▸ Provided records:
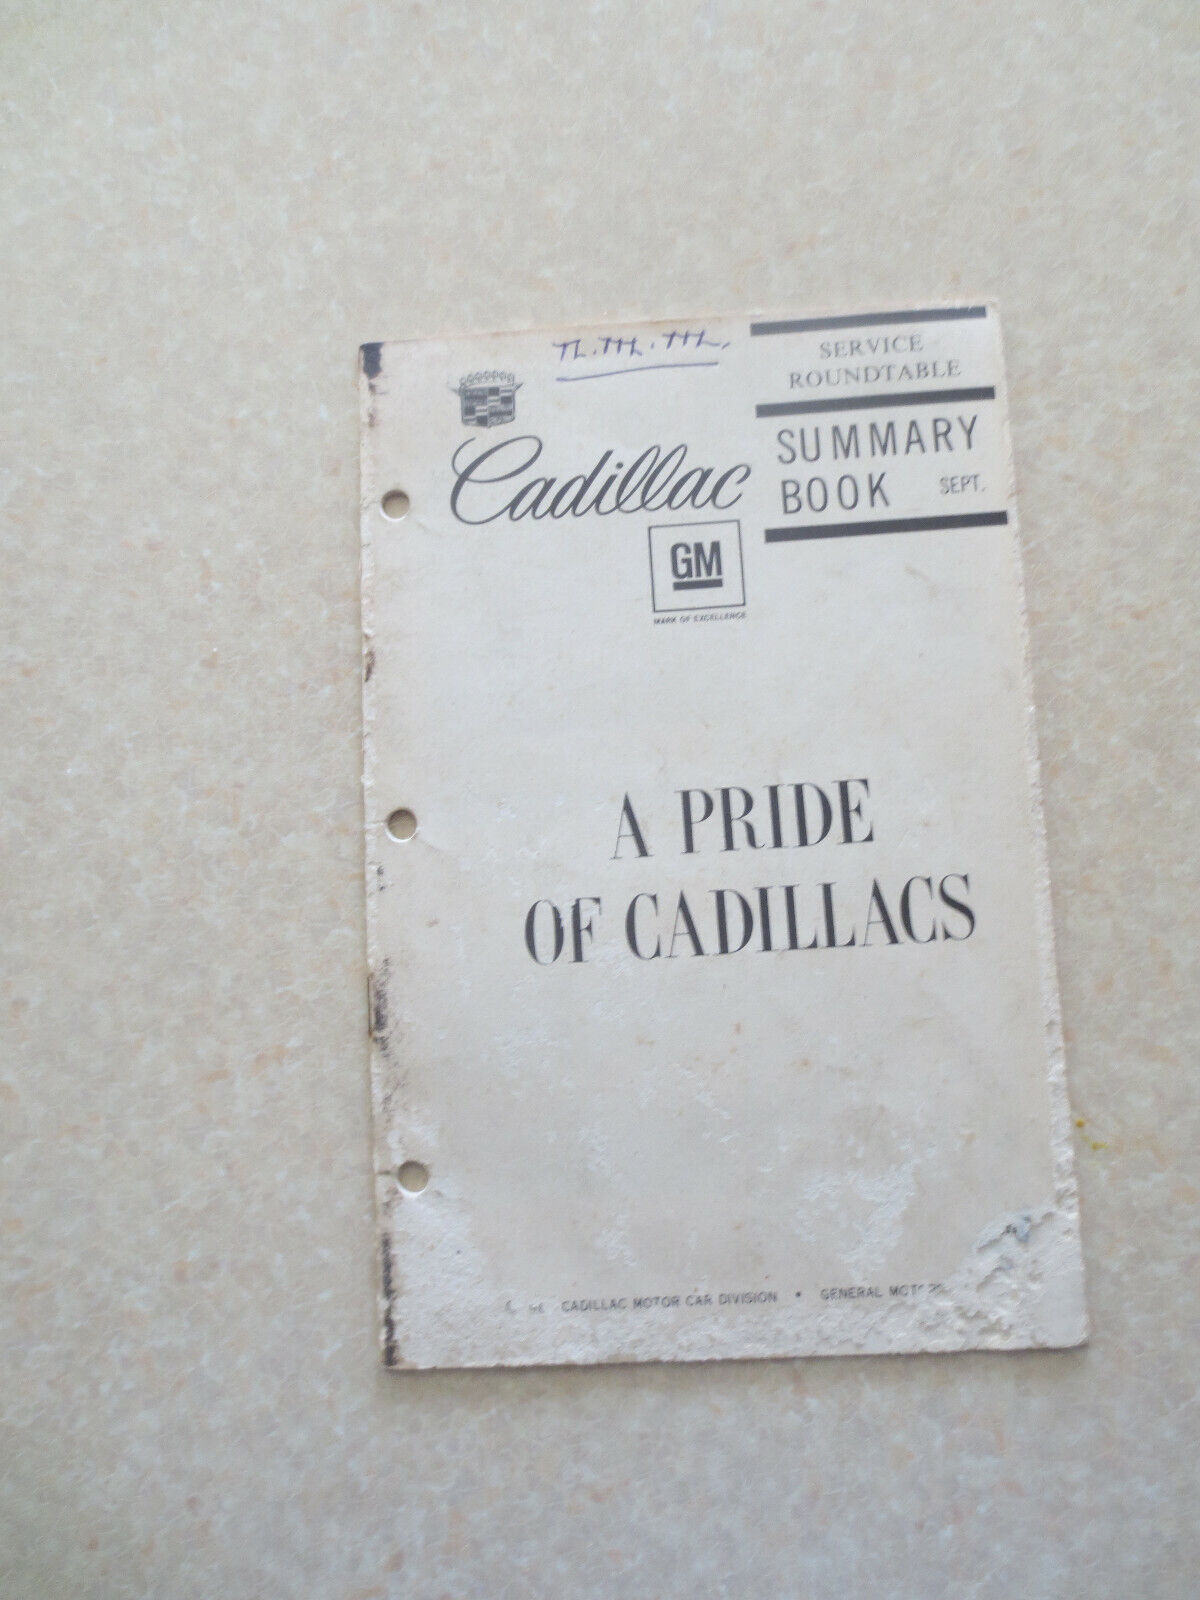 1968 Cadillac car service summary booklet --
--
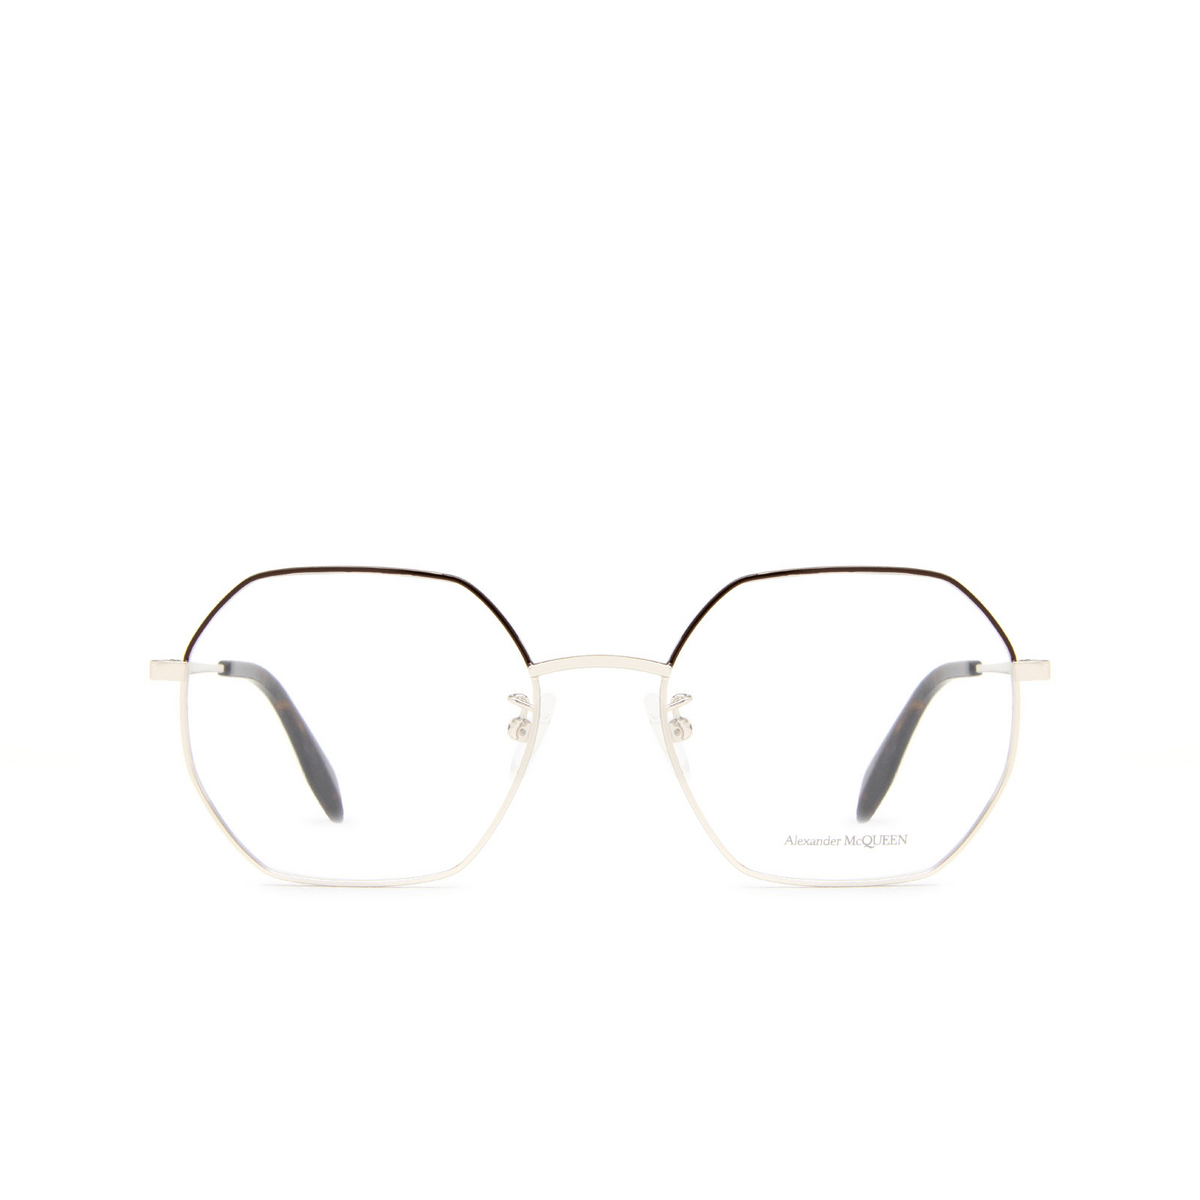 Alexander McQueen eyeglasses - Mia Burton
==
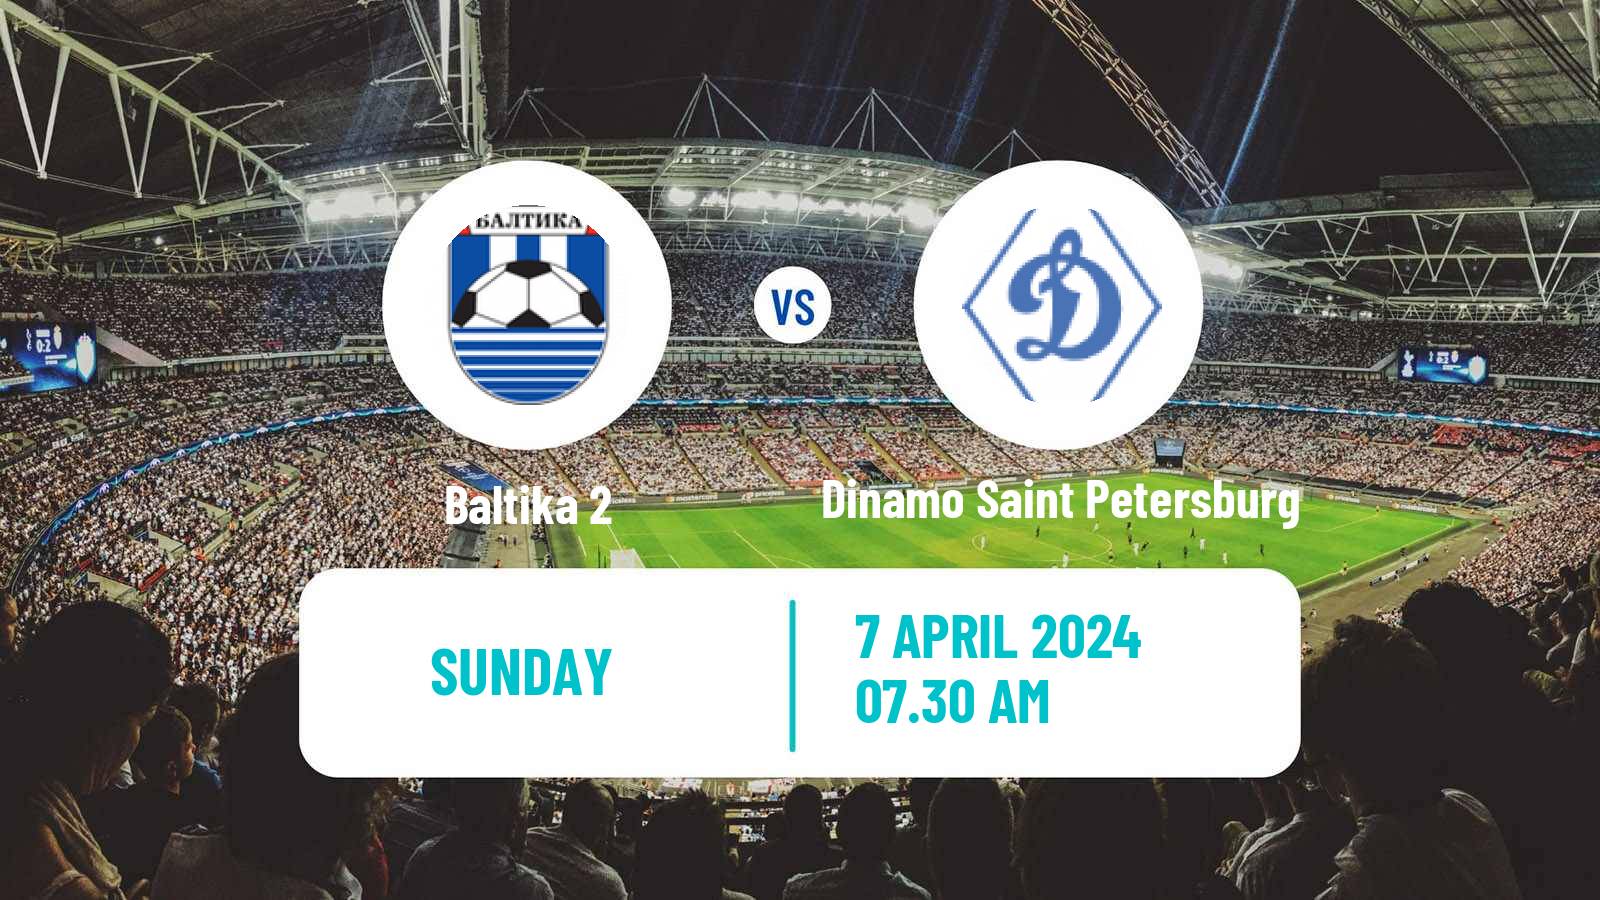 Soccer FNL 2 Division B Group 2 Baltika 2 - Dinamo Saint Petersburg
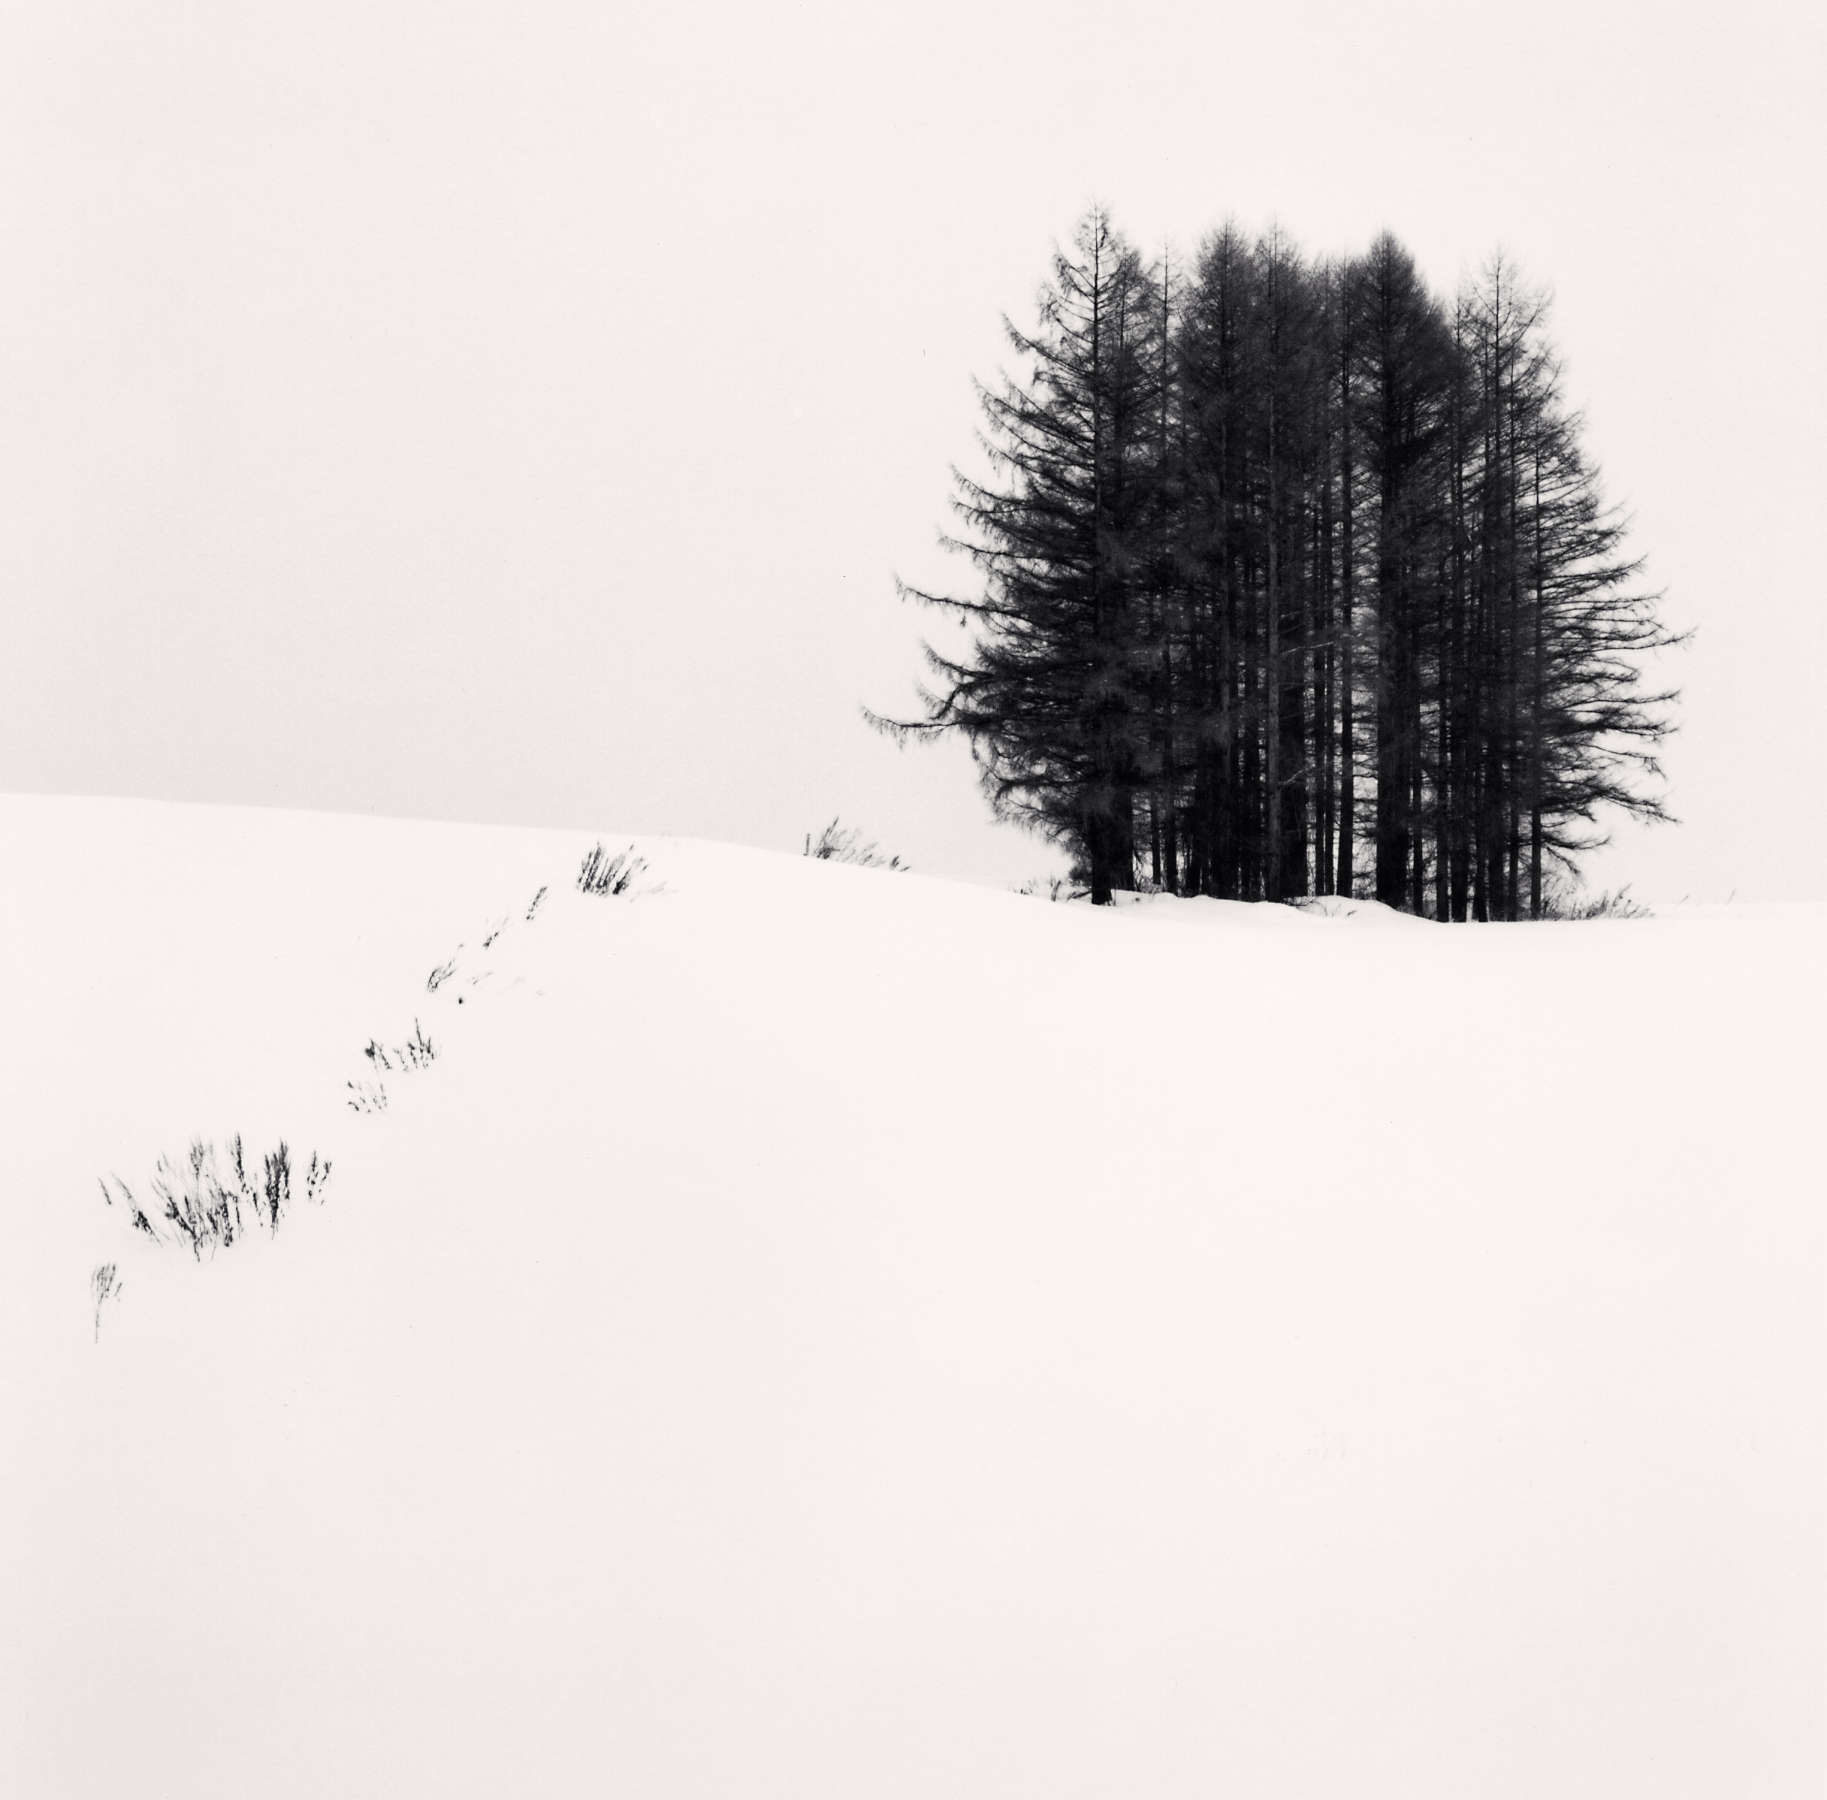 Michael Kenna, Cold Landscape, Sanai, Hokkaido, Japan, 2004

▸ Exercise instructions:
Go to the line above holding "Soccer FNL 2", then copy exactly each line down to and including the one holding "Michael Kenna, Cold", leaving pictures out.

▸ Reply to the task:
 Soccer FNL 2 Division B Group 2 Baltika 2 - Dinamo Saint Petersburg
 Michael Kenna, Cold Landscape, Sanai, Hokkaido, Japan, 2004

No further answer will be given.